Gerçekten uyandığımda yanaklarım ıslaktı. Hava kararmıştı. Ve soğuktu. İnce bir ter tabakası tüm vücudumu sarmıştı. Toprak yanımda uyuyordu. Üzerinden eğilerek yüzünü inceledim. Gerçekten uyuduğuna emin oldum. Sonra kıyafetlerime baktım. Bir şort, ve bir tişört. Kot ve mavi. Evet her şey yerindeydi ve ben bir rüyada değildim. Hiç bir yerde kırmızı yoktu demek istiyordum. Ama kıyafetlerim buna izin vermeyecek kadar kan kokuyordu. Kırmızı rengi bordoya dönüşmüştü. Üzerinden saatler geçmişti. Bir insanı öldürmemin üzerinden saatler.. Yerimden yavaşça kalktım ve bıkkınlığımın korkularıma ağır basacağını umarak yavaşça yürümeye koyuldum. Burası bir ormandı fakat yakınlarda bir yerde su kaynağı olabilir miydi ? Bir çeşme belki de bir ırmak. Kısa bir süre daha yürüdüm. Sonunda inanılmaz bir manzara ile karşılaştım. Ve bir çeşme buldum. Evet neredeyse terk edilmiş bir harabeyi andıran bir ormanda su akan bir çeşme. Yanına yaklaşarak tereddütle musluğu çevirdim. Sadece on saniyenin ardından su akmaya başladı. Avucum ile aldığım suları önce pantolonuma daha sonra tişörtüme sürdüm. Kan lekeleri ardından sadece küçük izler bırakmıştı. Sonra ellerimi ve yüzümü yıkadım. Saçımı topladım ve derin bir nefes aldım. Yürümeye başlamadan önce çeşmenin hemen yanında duran kıyafetler gözüme çarptı. Siyah bir pantolon mavi bol bir tişört. Siyah botlar. Gözlerimin önünde Rüya ile DDM'de uyandığımız ilk gün oluştu. Siyah bir pantolon. Mavi bol bir tişört. Siyah botlar.

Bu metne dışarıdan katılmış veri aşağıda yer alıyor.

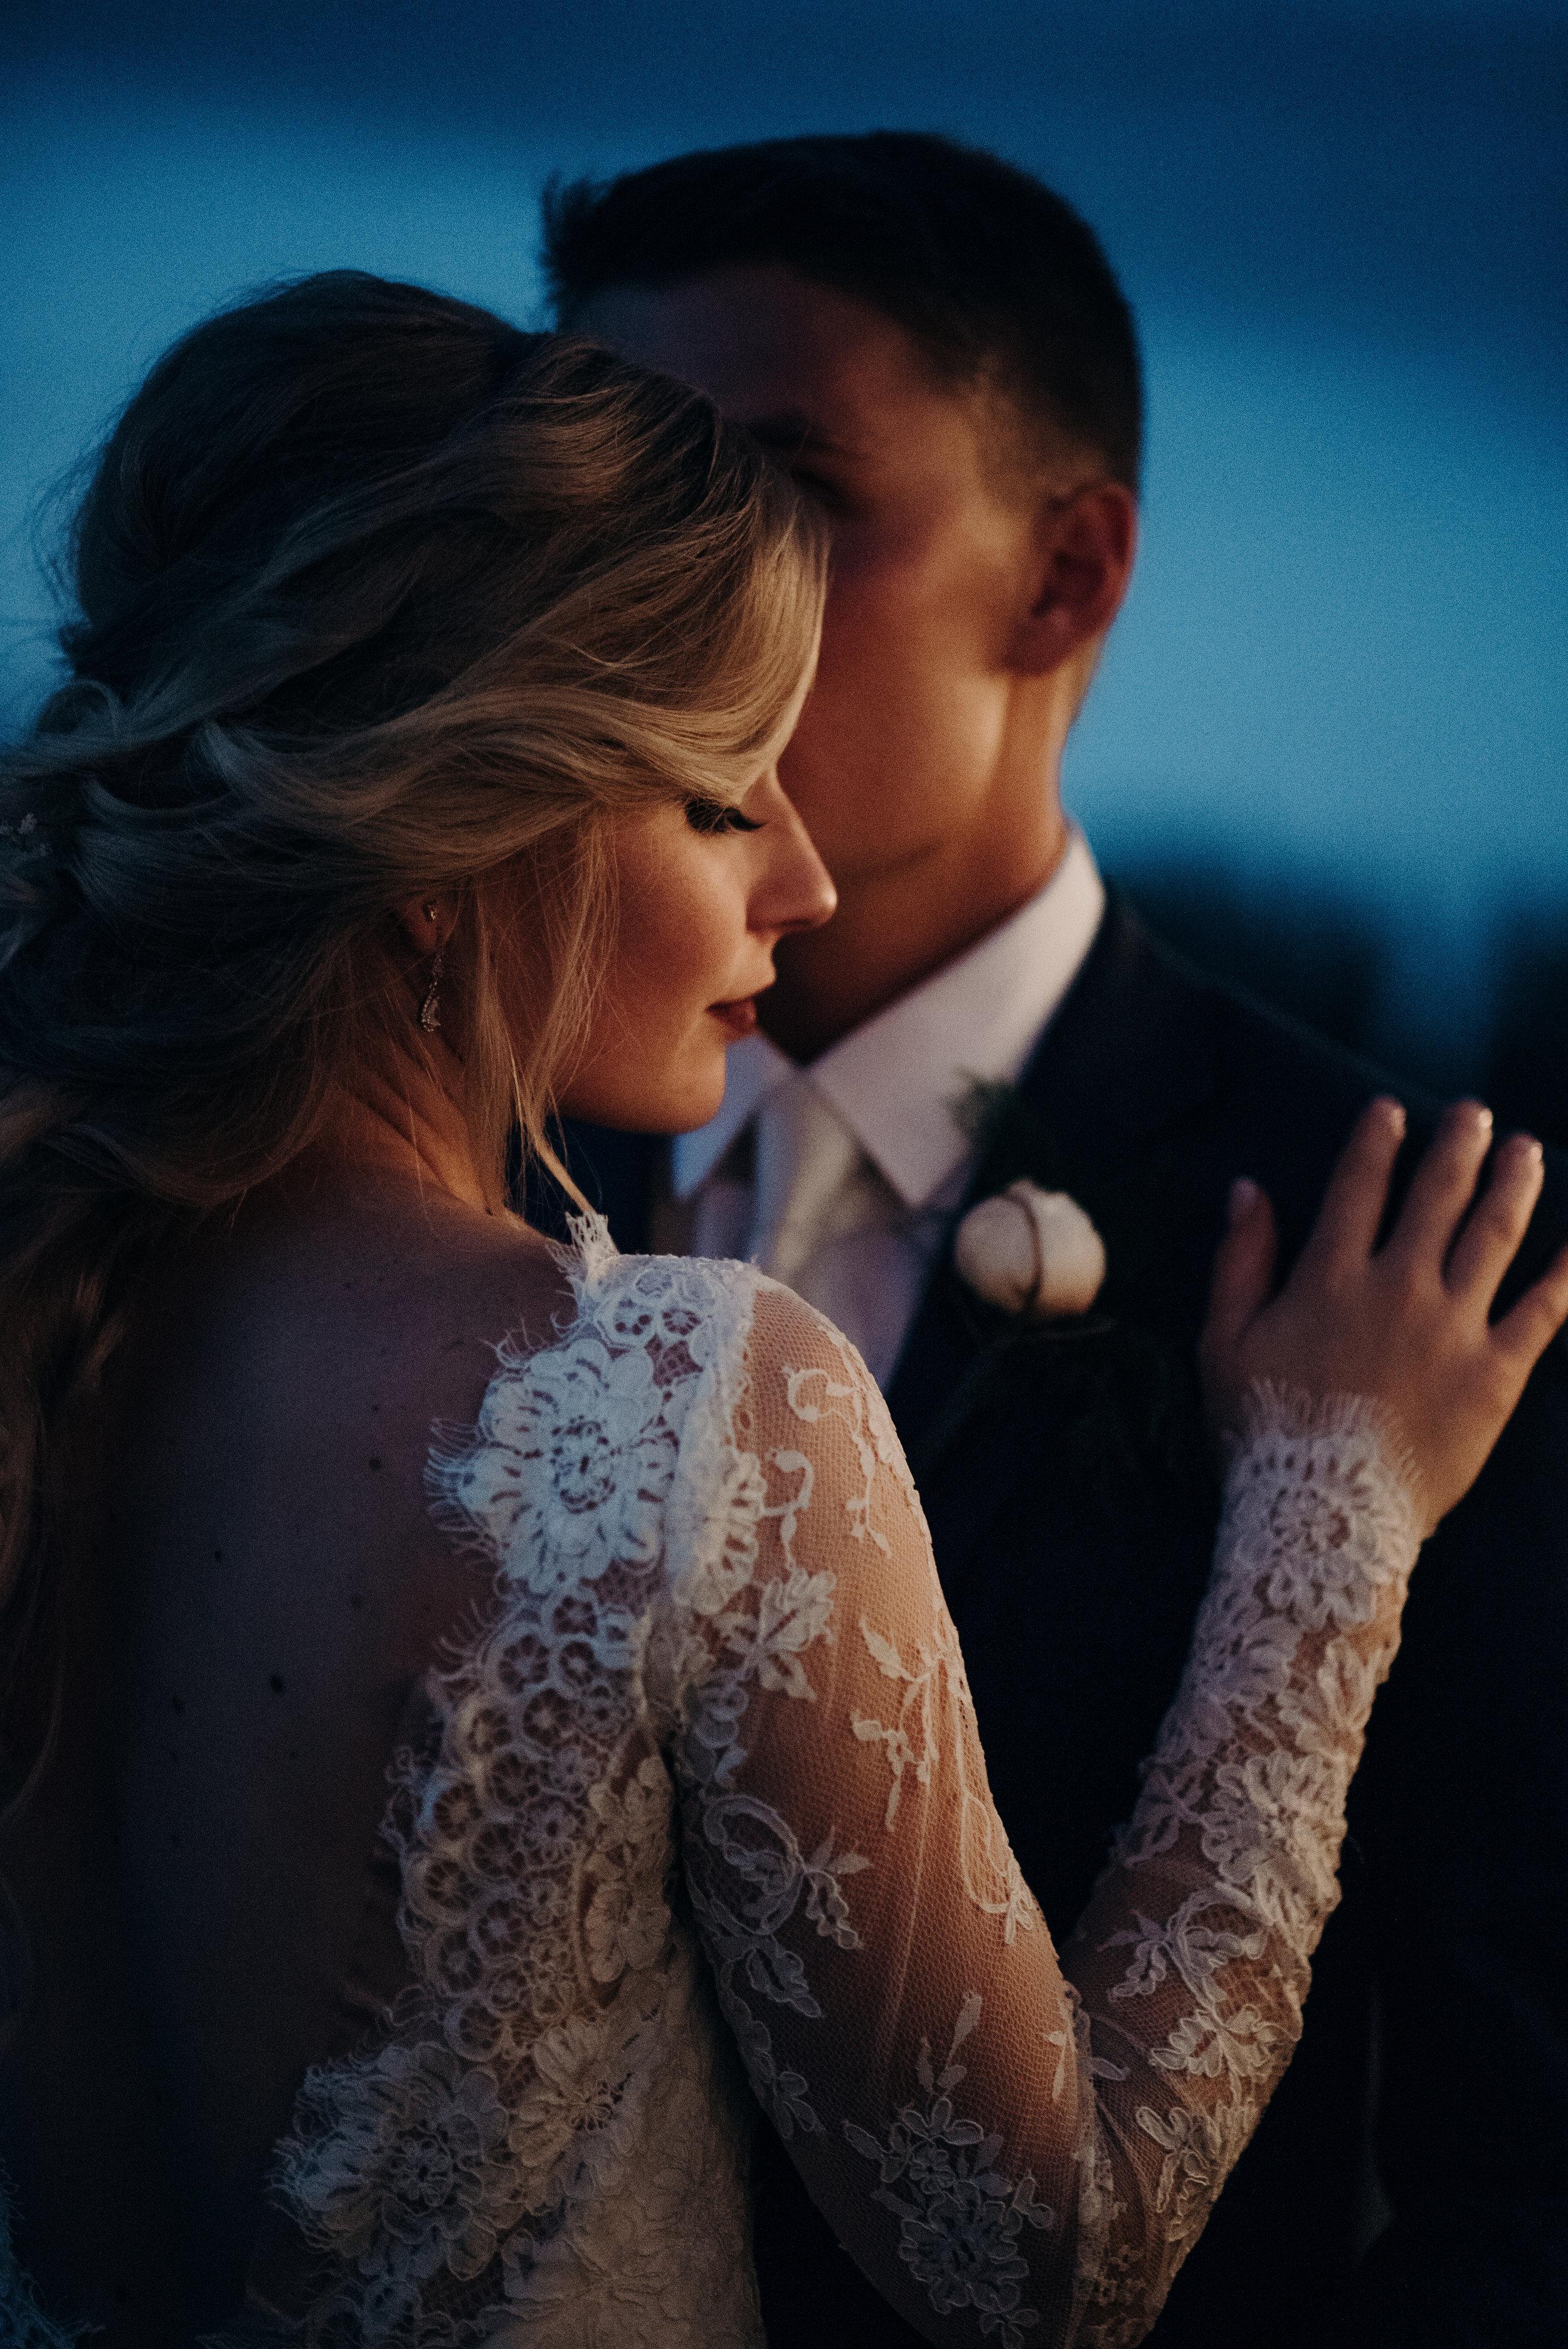 micayla-greyson-neumann-vero-beach-lake-house-winter-white-wedding-photography-1143.jpg

' Siyah bir pantolon mavi bol bir tişört ve siyah botlar. Harika bir kombin oldu, Hira. '

Aklımda Rüya'nın o soğuk sesi yankılandı.

Rüya.

Gördüğüm şeyin hayal mi yoksa gerçek mi olduğunu fark edemedim.

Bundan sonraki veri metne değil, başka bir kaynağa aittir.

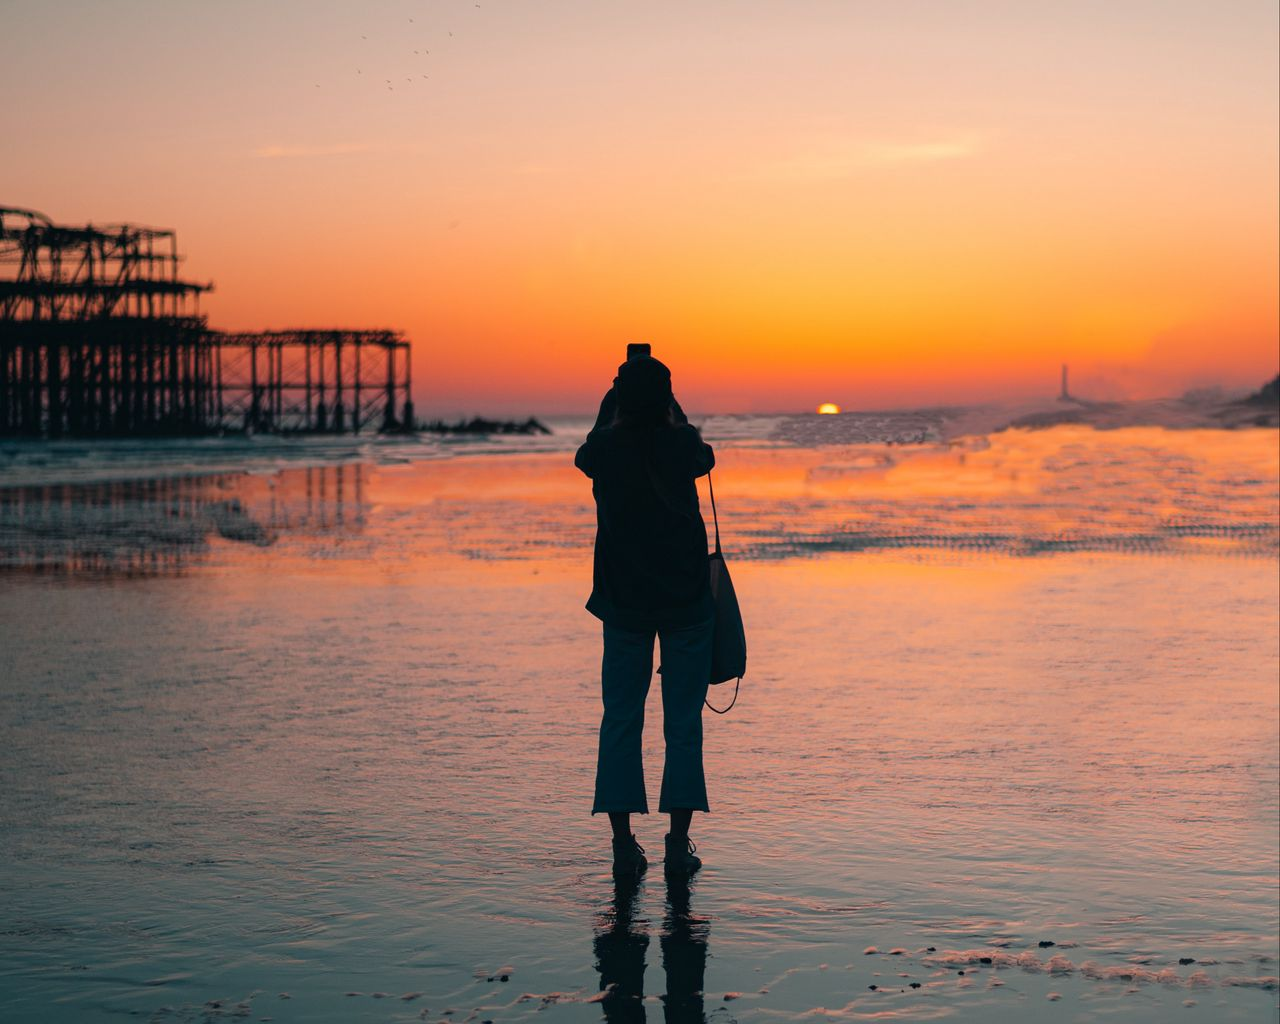 1280x1024 Wallpaper silhouette, alone, beach, sea, sunset, dark

Fark edemeyecek kadar hızlı koşuyordum..

*

Herkese selam ! Umarım bölümü beğenmişsinizdir. Dün Kaçınılmaz Karanlık'ı yayınlamamın ardından 3 ay geçti. Evet yine kendimi milyonlara sesleniyormuş gibi hissediyorum. Bunun için bir bölüm yazmaya karar verdim. Bu güne yetişti.

Üçler ve beşler ve yıllar benim için önemlidirrrrr.